De ce fait, tant L’Idiot que Anna Karenina sont des représentations de sociétés. Leurs contextes, histoires, réussites et échecs. Chaque membre d’une telle ou telle société a, par le fait même, goûté des victoires ou subi des péripéties qui ont laissé des séquelles.
Bagage de l’auteur
Pendant longtemps je ne m’occupais jamais des pré- et postfaces. Je désirais consommer et digérer un roman tel quel. C’est une façon de faire techniquement tout aussi bonne qu’une autre. Après tout, une fois une œuvre lancée auprès du grand public, l’artiste peut marteler les points qu’il veut, le public en sera néanmoins le juge.

Cependant, cette habitude a changé dernièrement et j’en suis très heureux. Connaître le contexte de création d’une œuvre peut, dans bien des cas, en augmenter notre appréciation.
Lev souffre d’épilepsie, Dostoïevski aussi. Son personnage revient de la Suisse au début. L’auteur y habitait au moment de la rédaction. Dostoïevski et sa femme vivaient dans la précarité financière et voilà que plusieurs personnages dans l’histoire tiennent tant à l’argent (il y a même un mini-mystère concernant un rouleau de monnaie porté disparu). L’artiste a créé L’Idiot en plusieurs séquences et avait de la difficulté à façonner non seulement l’histoire en général, mais le personnage de Lev aussi. Comble du fait, avant d’avoir lu la postface, je remarquais que le personnage avait changé d’attitude entre la première et la deuxième partie.

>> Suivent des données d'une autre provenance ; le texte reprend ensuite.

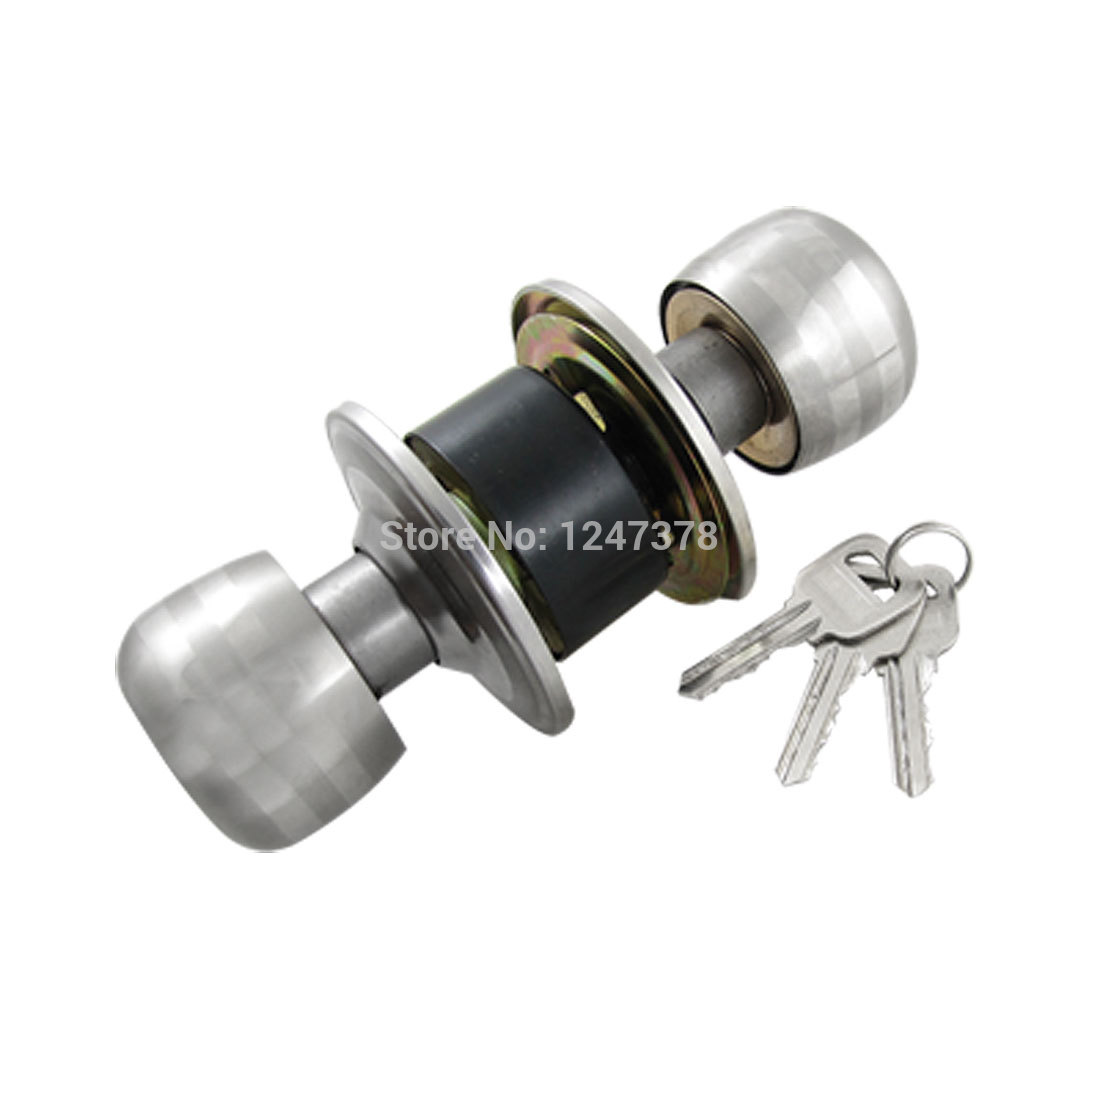 bedroom door knobs with key lock photo - 6

Ais-je trouvé le bouquin super formidable simplement en ayant lu la postface? Non, mais je le comprends mieux. Et ce n’est pas pour dire que je ne le comprenais pas, mais maintenant c’est mieux.
Donc, si jamais vous doutez de la qualité d’un livre, explorez l’histoire de sa réalisation. Cela ne garantira jamais que vous adorerez le produit final, mais c’est bien de savoir comment et pourquoi le livre, film, tableau, pièce de théâtre ou toute autre expression artistique est ainsi.
Dans le pire des cas, on se dit : « Ah, voilà pourquoi j’ai détesté ça! ».